Ingredients
The following ingredients have 4 Servings
- 1 cup raw pecans
- 1 cup pitted dates, (packed)
- 2 tbsp dark cocoa powder
- 1/8 tsp sea salt
- 1 cup raw cashews
- 1/3 cup freshly squeezed lemon juice ((approx. 2 lemons))
- 1 medium raw beet, (peeled and quartered)
- 1 cup fresh raspberries ((6 oz.))
- 1/4 cup coconut oil, (melted)
- 1/2 cup plain greek yogurt
- 1/2 cup full fat coconut milk, (refrigerated)
- 1/4 cup pure maple syrup
Instruction
- Cover the raw cashews with boiling hot water and let soak for one hour. (We soak them like this to help then soften up.)
- In a food processor or heavy duty blender, add the raw pecans and process into an rough meal consistency.
- Next, add the pitted dates, dark cocoa powder, and sea salt into the food processor. Process until smooth or a small ball forms, about one minute.
- Lay out thin strips of parchment paper into each slot in a muffin tin and scoop the pecan-date mixture evenly into the muffin tins. Carefully pack it down evenly using your fingers. This will serve as the yummy dark chocolate pecan crust.
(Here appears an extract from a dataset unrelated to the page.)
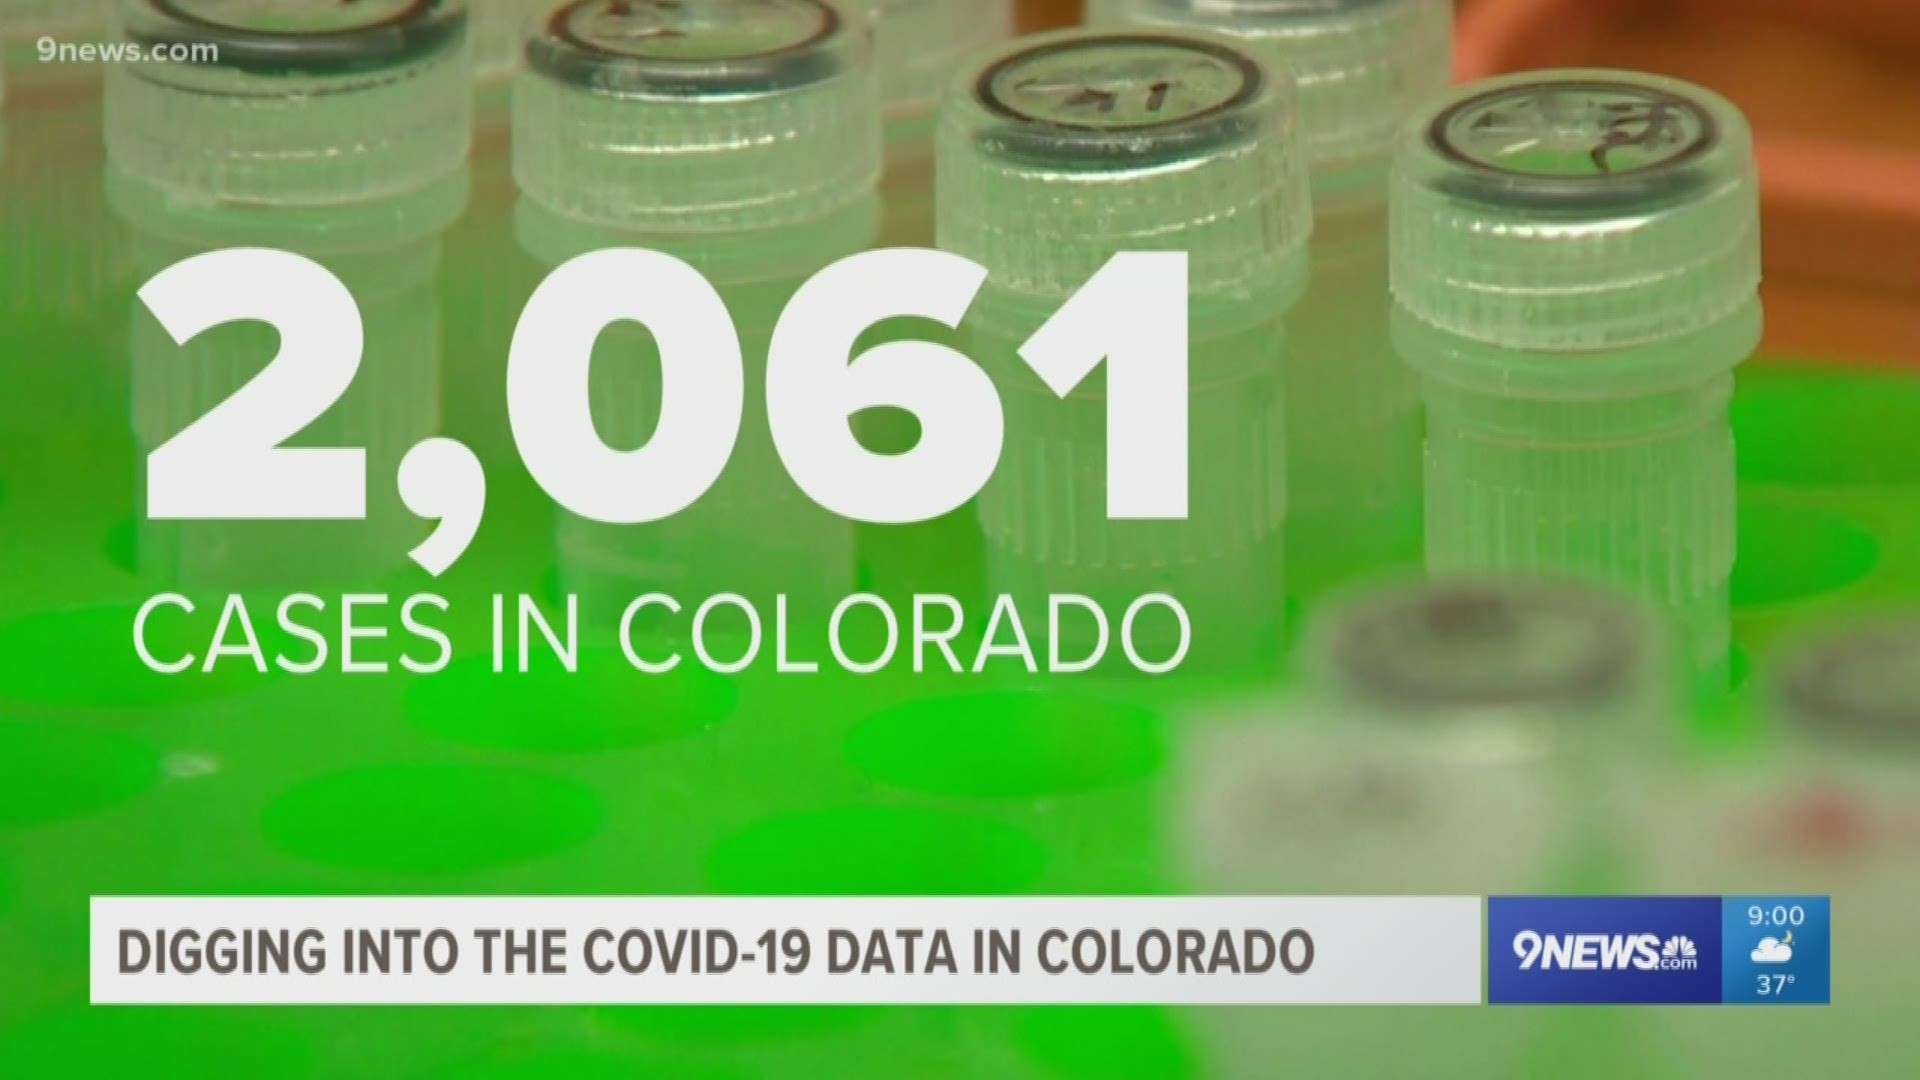 The number of COVID-19 cases in Colorado has topped 2,000.

- To make the raspberry beet cheesecake filling, add the softened, drained cashews into a blender, followed by the freshly squeezed lemon juice, melted coconut oil, raspberries, raw peeled beet, greek yogurt, chilled coconut milk (just scooping the top of the hardened coconut milk from the top of the can, and leaving the clear liquid underneath), and the pure maple syrup.
- Blend this together until very smooth. The smoother this mixture is, the creamier your cheesecake will be.
- Now, pour the filling evenly into each muffin tin over the pecan crust, filling all the way up.
- Place the muffin tin into the freezer and freeze for 1-2 hours to allow the mixture to set.
- When you’re ready to eat, just pull up on the parchment paper to remove the cheesecake, then discard the parchment paper.
- You may need to allow it to set at room temperature for 5 minutes to thaw.